=== Section Start ===
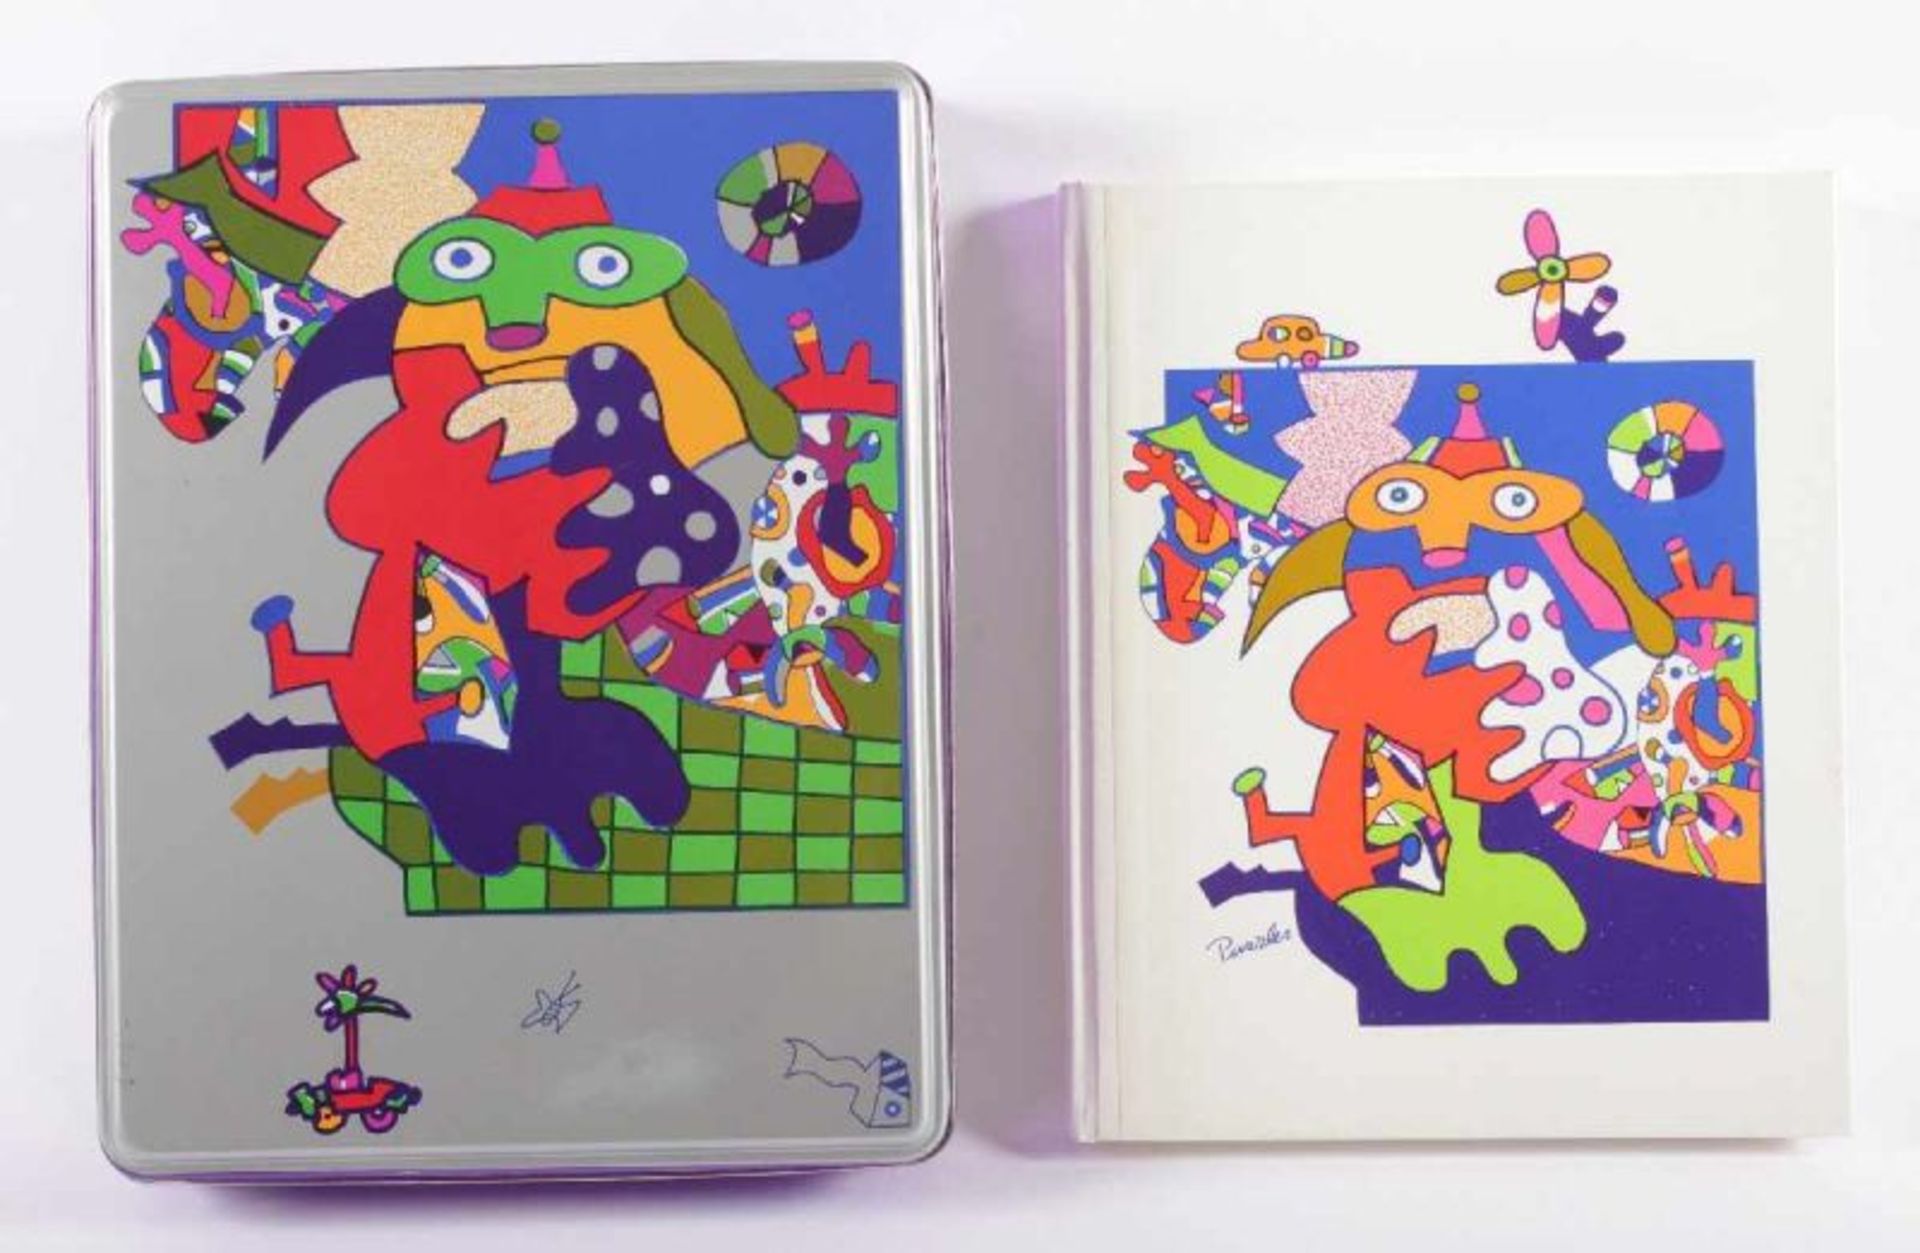 ALT, Otmar, "Otmar Art - Puzzles", Buchband in bunter Schmuck-Kassette, Edition elefant-Art,
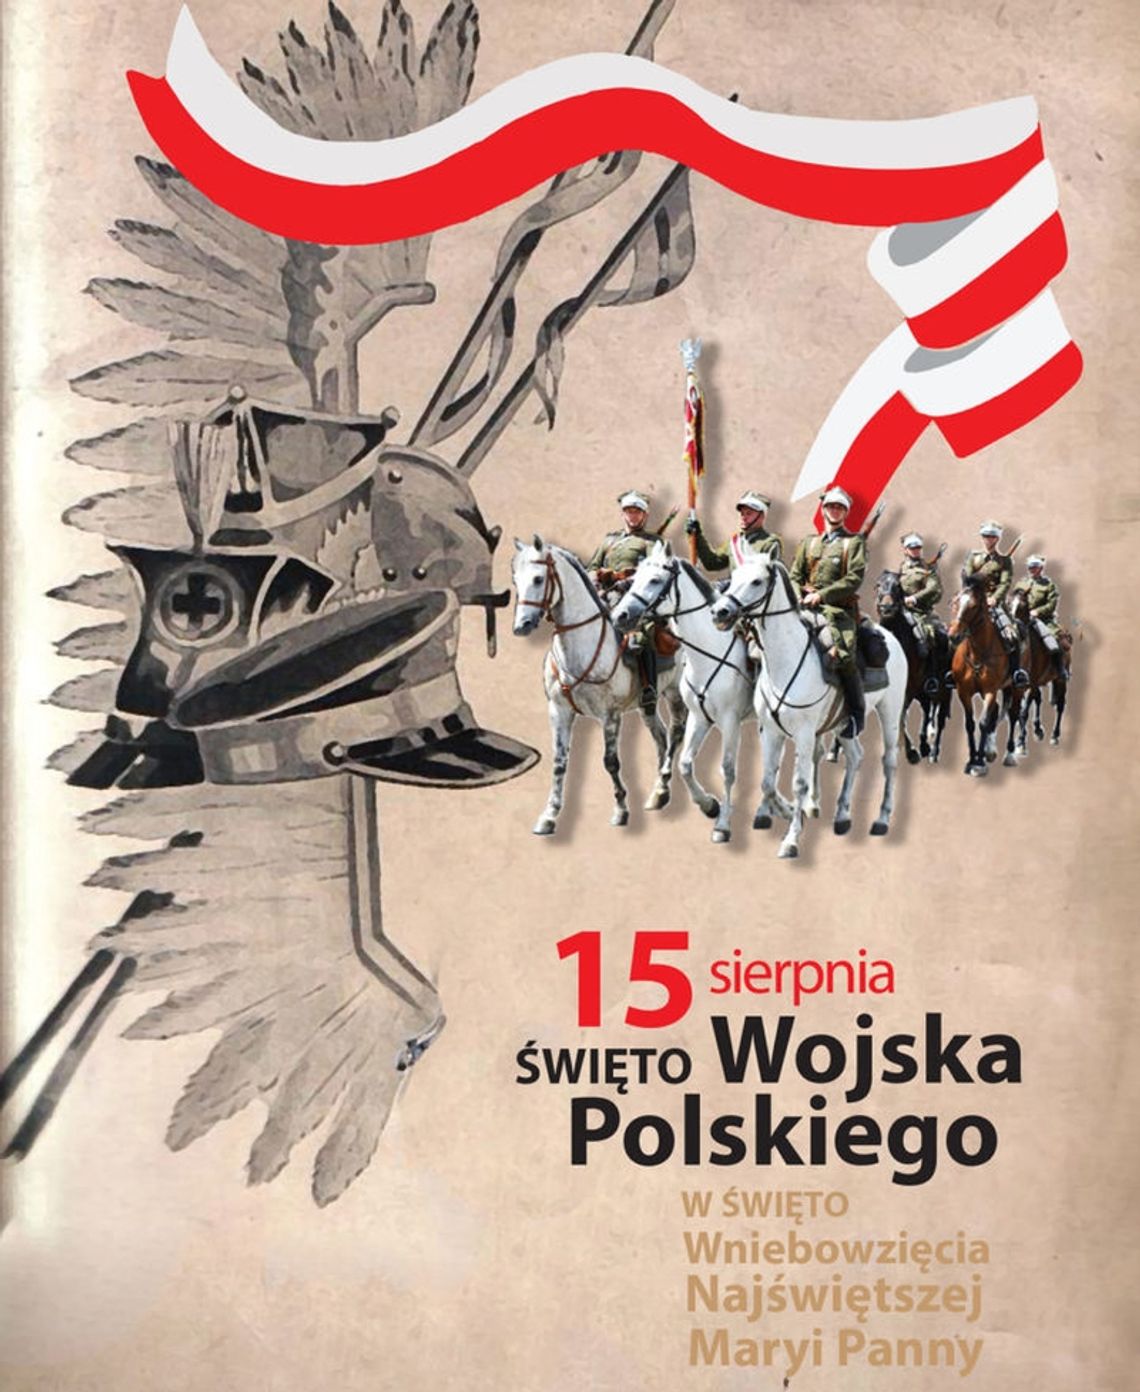 Święto Wojska Polskiego - sprawdź program uroczystości!
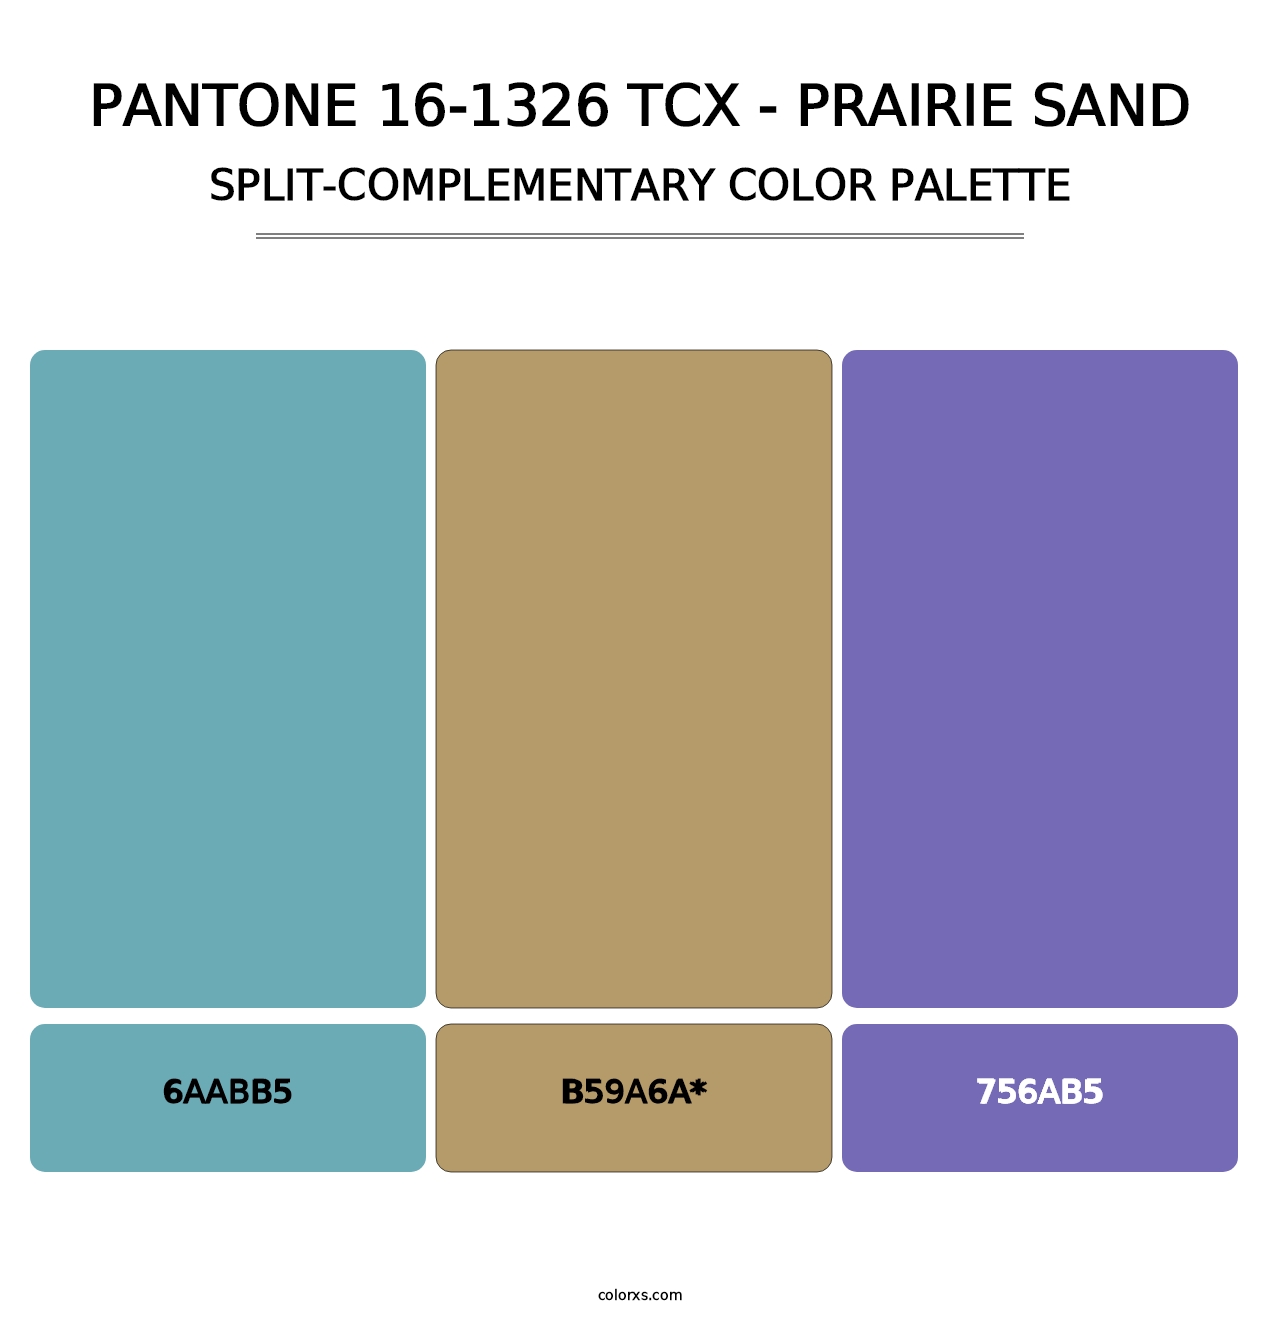 PANTONE 16-1326 TCX - Prairie Sand - Split-Complementary Color Palette
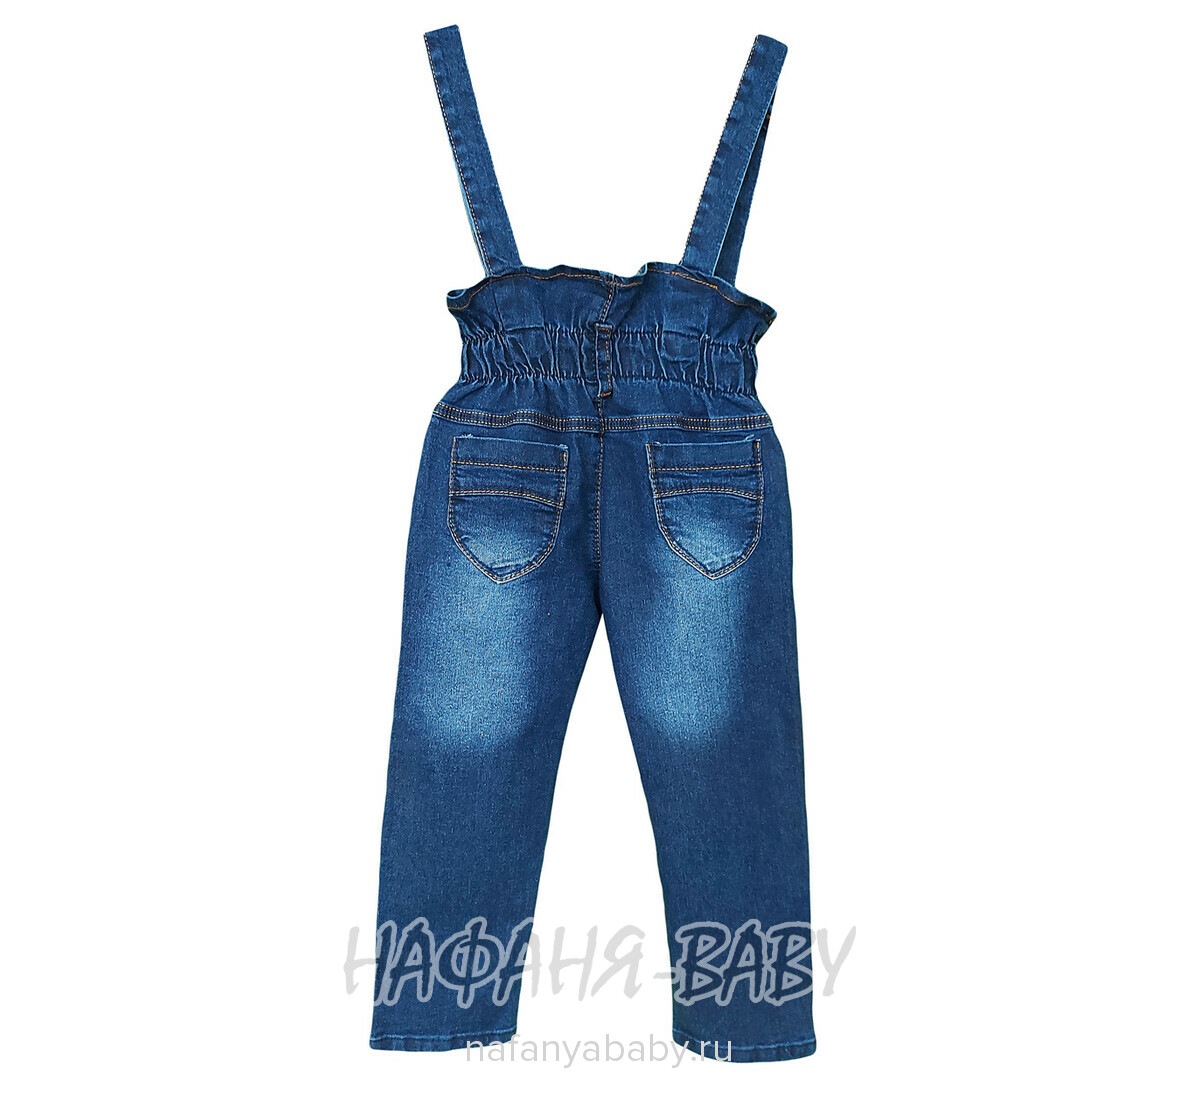 Детские джинсы TATI Jeans арт: 8224 для девочки от 3 до 7 лет, цвет синий, оптом Турция
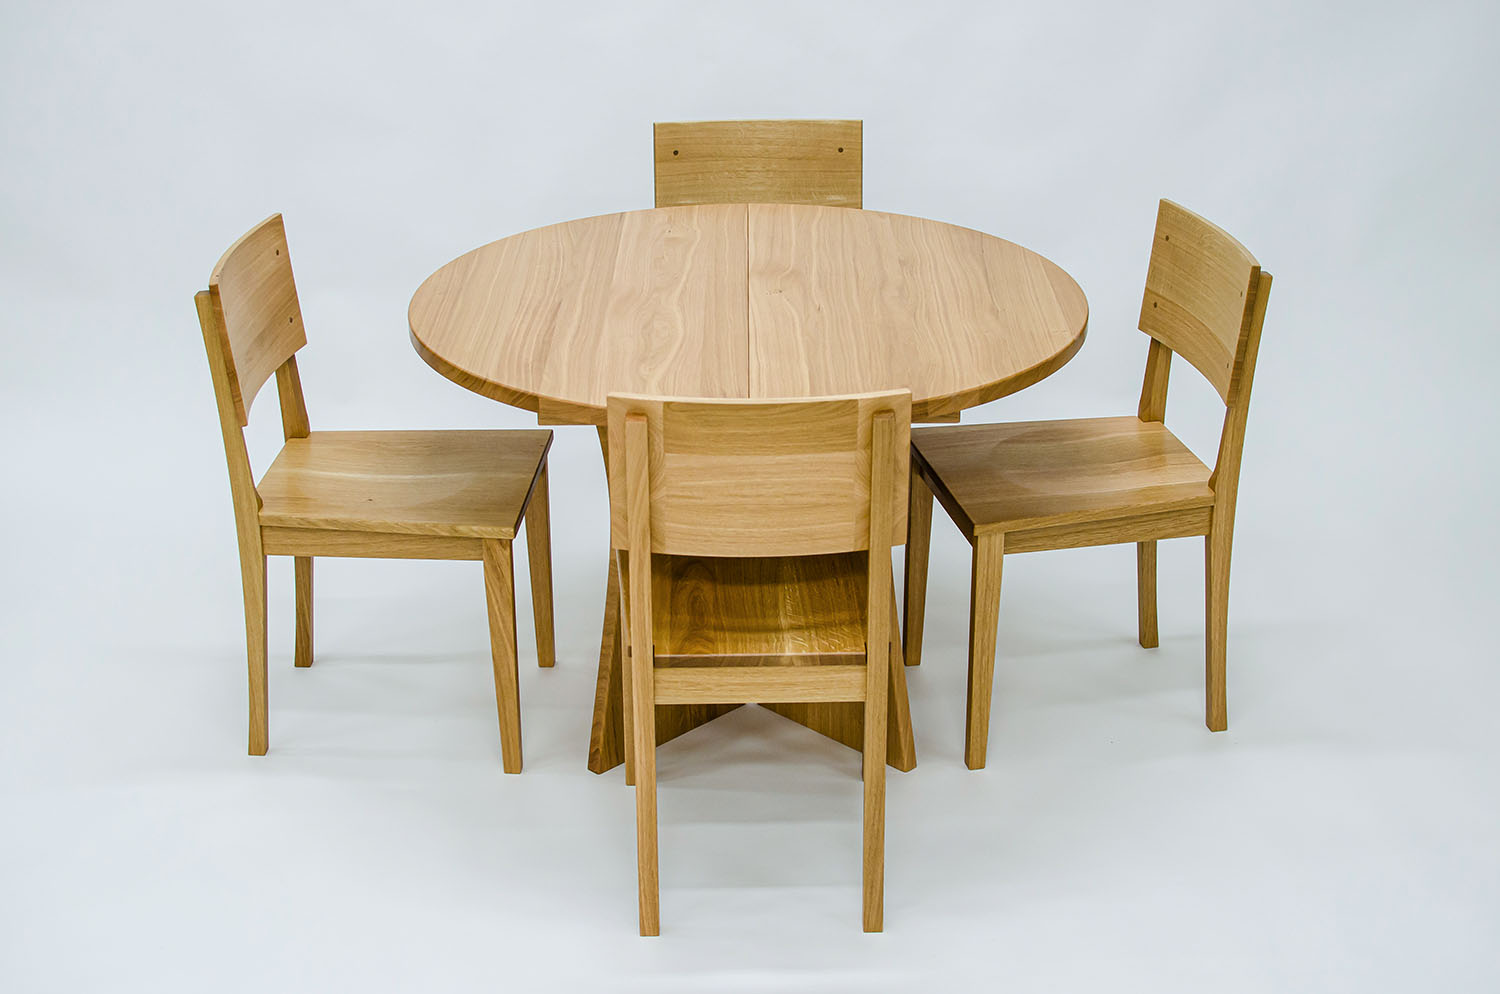 Runder, ausziehbarer Esstisch aus massiver geölter Eiche, mit passenden Stühlen - die Schreiner von Freisinn Möbel entwerfen und bauen deinen perfekten Tisch in und um Biberach
=== Section End ===
## [EXERCISE]
Before duplicating the entries above, strip out the pictures and keep the rest exact.

## [EXERCISE OUTPUT]
 ALT, Otmar, "Otmar Art - Puzzles", Buchband in bunter Schmuck-Kassette, Edition elefant-Art,
 Święto Wojska Polskiego - sprawdź program uroczystości!
 PANTONE 16-1326 TCX - Prairie Sand - Split-Complementary Color Palette
 Детские джинсы TATI Jeans арт: 8224 для девочки от 3 до 7 лет, цвет синий, оптом Турция
 Runder, ausziehbarer Esstisch aus massiver geölter Eiche, mit passenden Stühlen - die Schreiner von Freisinn Möbel entwerfen und bauen deinen perfekten Tisch in und um Biberach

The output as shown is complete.